Compare embedding-based intent classification versus LLM-based classification. In what specific production scenarios would you choose one over the other, and why?
Compare embedding-based intent classification versus LLM-based classification. In what specific production scenarios would you choose one over the other, and why?
- Embedding-based classification computes a vector for the query and compares it against pre-computed intent centroids using cosine similarity. It is fast (one embedding API call, ~50ms), cheap (embedding models cost 10-100x less than chat models), and deterministic given the same model version. The trade-off is that it cannot reason about context, negation, or multi-intent queries. “I do NOT want to cancel my subscription” has high cosine similarity to “cancel my subscription” because the embedding captures topic proximity, not logical negation.

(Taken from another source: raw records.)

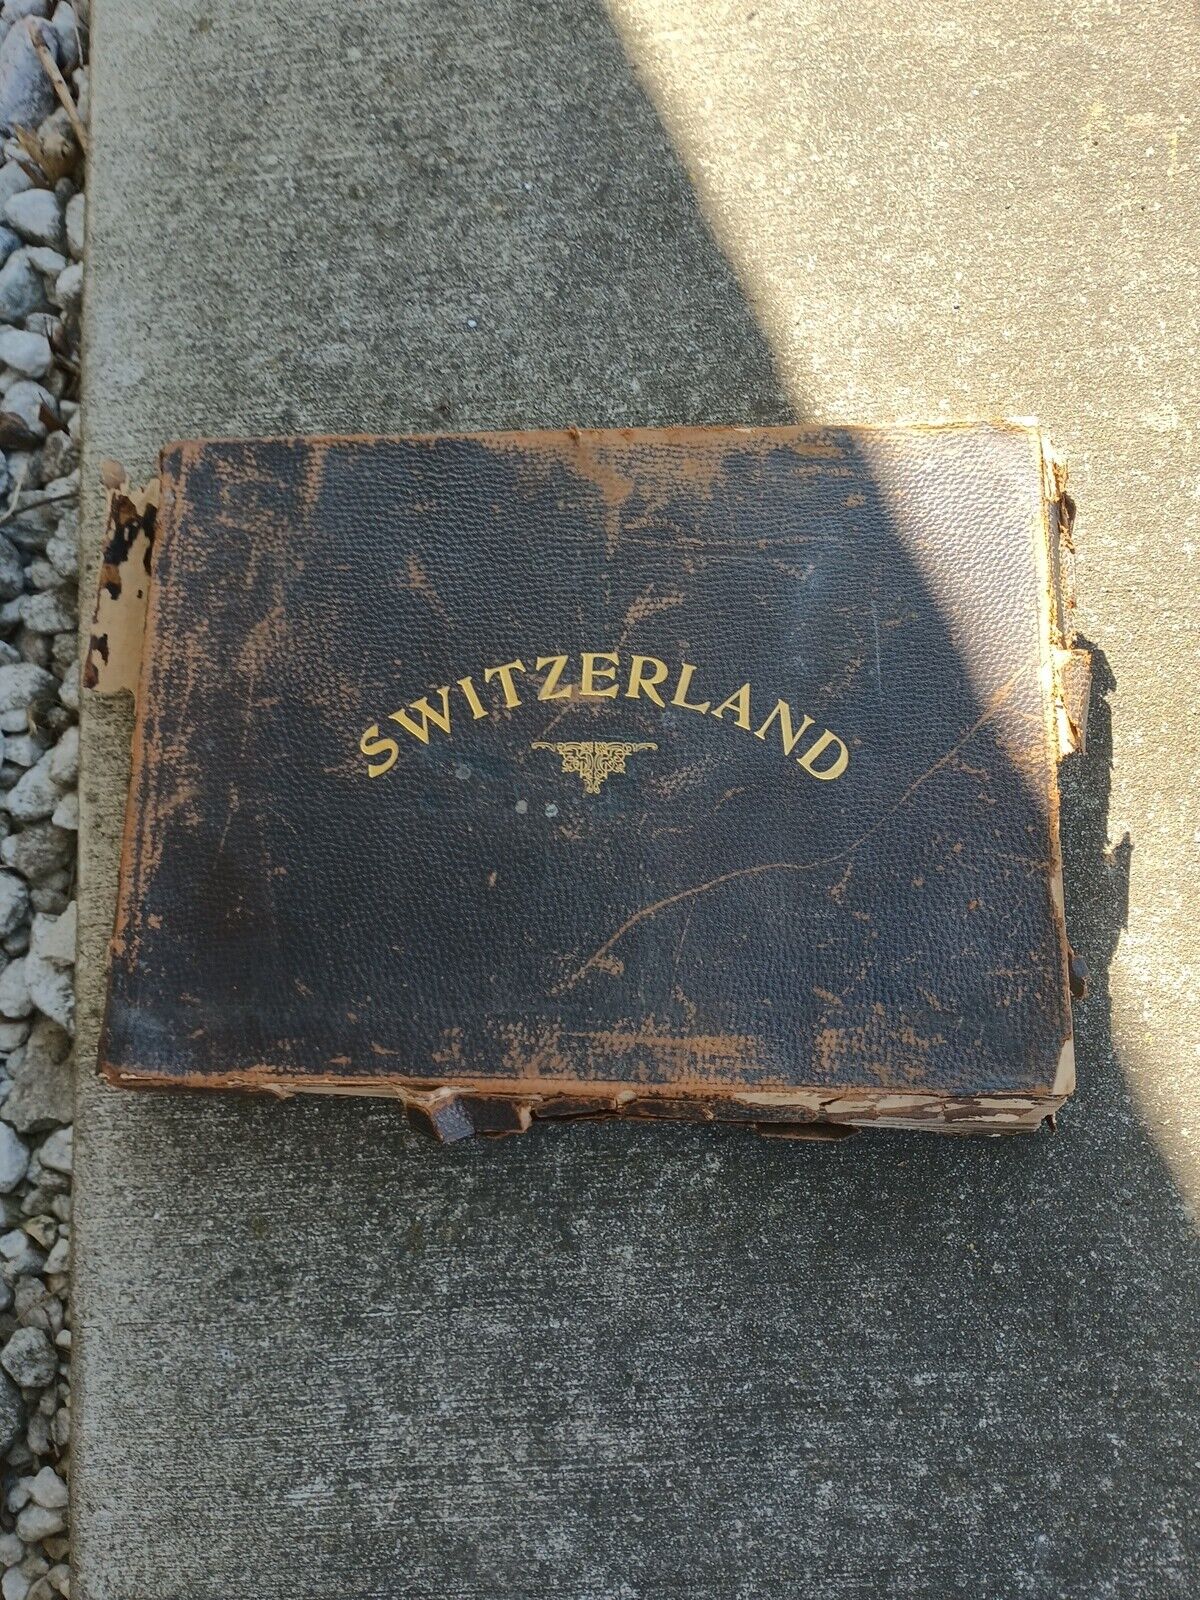 Very Rare 1800s antique PHOTO ALBUM Of switzerland  Large
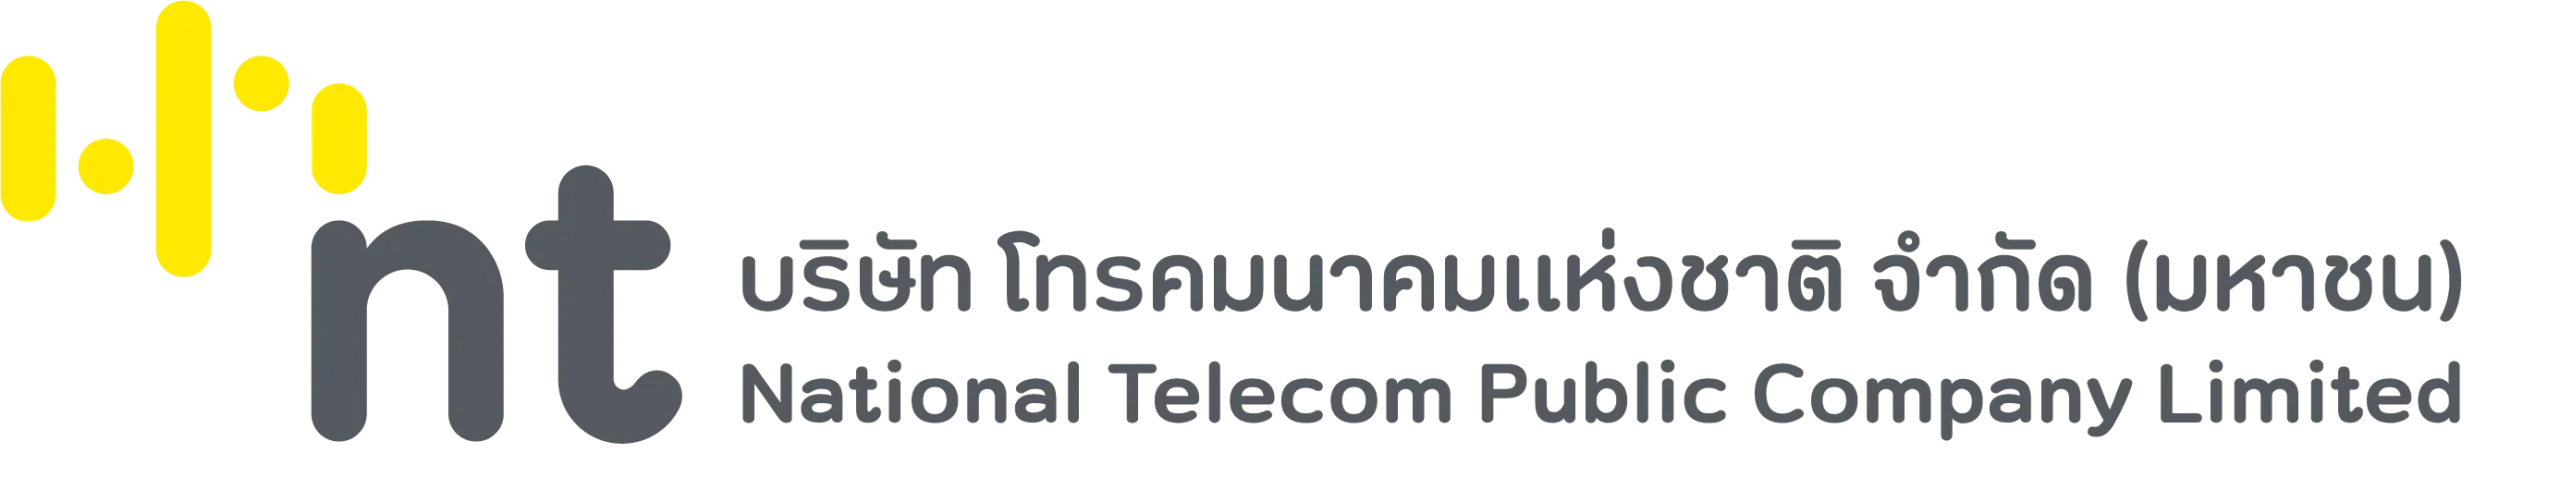 บริษัท โทรคมนาคมแห่งชาติ จำกัด (มหาชน)  National Telecom Public Co., Ltd.
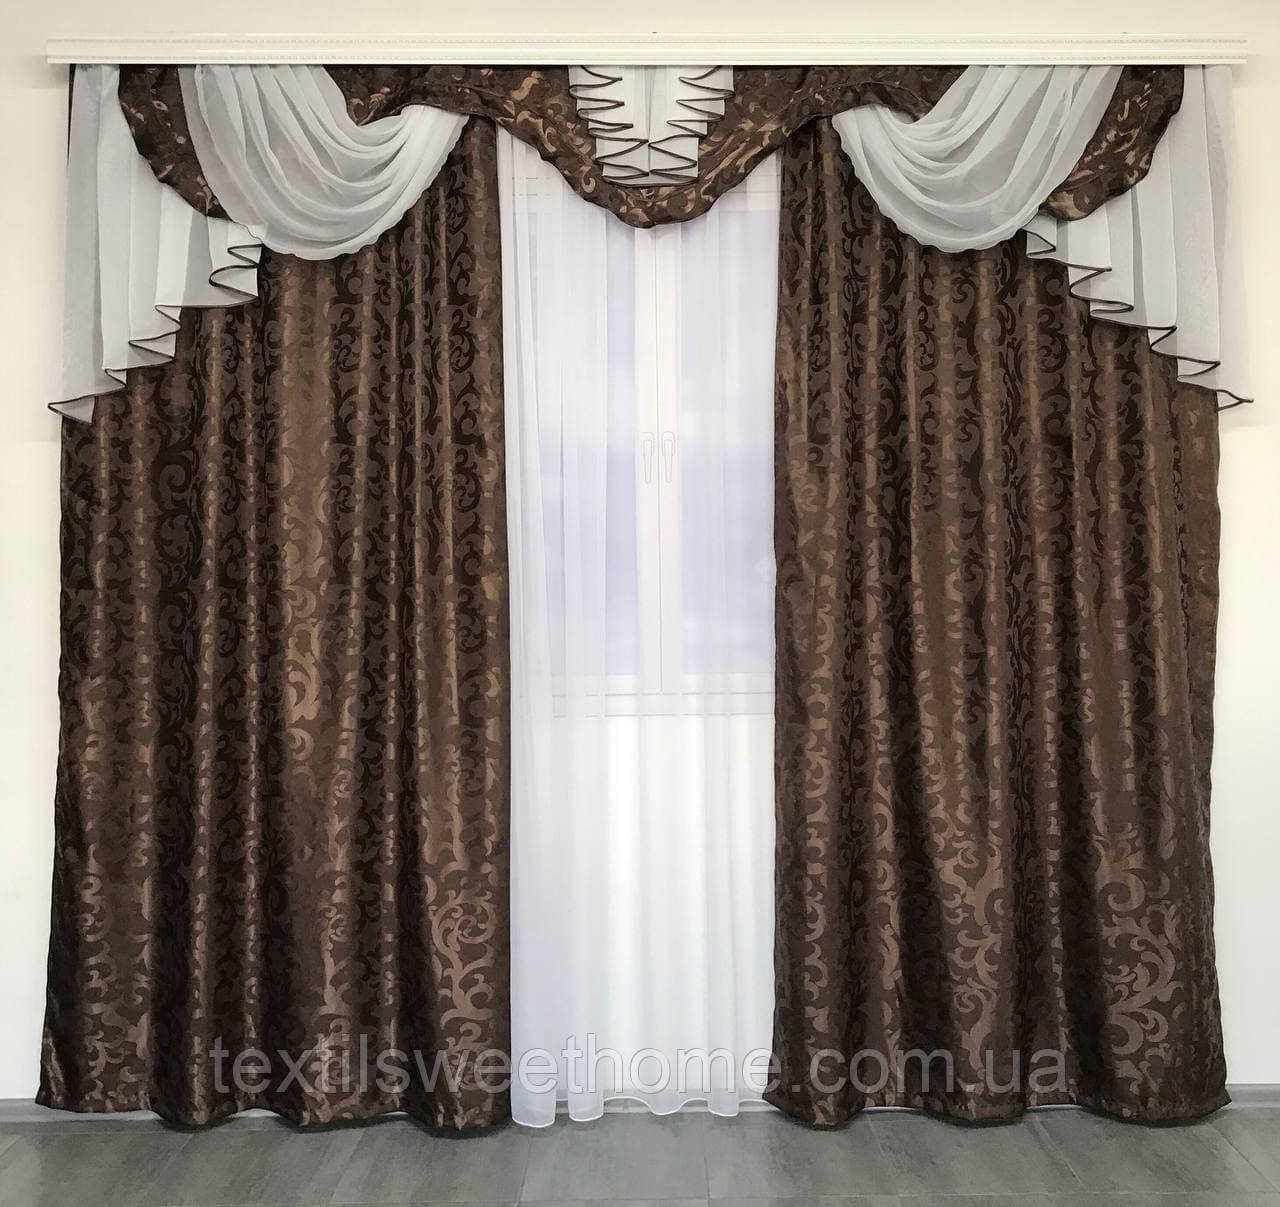 Набір готові штори з ламбрекеном на карниз 3 метри коричневого кольору в спальню, вітальню

- LLM-based classification sends the query to a chat model with a prompt listing the available intents and asks it to classify. It handles nuance, negation, and ambiguity well because it reasons about the full meaning. But it is 5-10x more expensive, 3-5x slower, and non-deterministic — the same query can get different classifications on different runs if temperature is above zero.
- I would choose embeddings for high-throughput, low-stakes routing — a customer support bot handling thousands of queries per hour where 90% of queries cleanly fall into one of five categories. The 5-10% edge cases that get misclassified can be caught by a confidence threshold and escalated to a human or a more expensive model.
- I would choose LLM-based classification for low-throughput, high-stakes decisions — routing a medical triage question to the right specialist pipeline, or classifying a compliance query where misclassification has regulatory consequences. Here, the extra 300ms and $0.001 per classification is trivial compared to the cost of getting it wrong.
- The hybrid approach is often best in production: use embeddings as the fast path for clear-cut queries (confidence above 0.85), and fall back to LLM classification only for ambiguous queries (confidence between 0.5 and 0.85). This gives you the speed of embeddings for the 80% easy case and the accuracy of LLMs for the 20% hard case.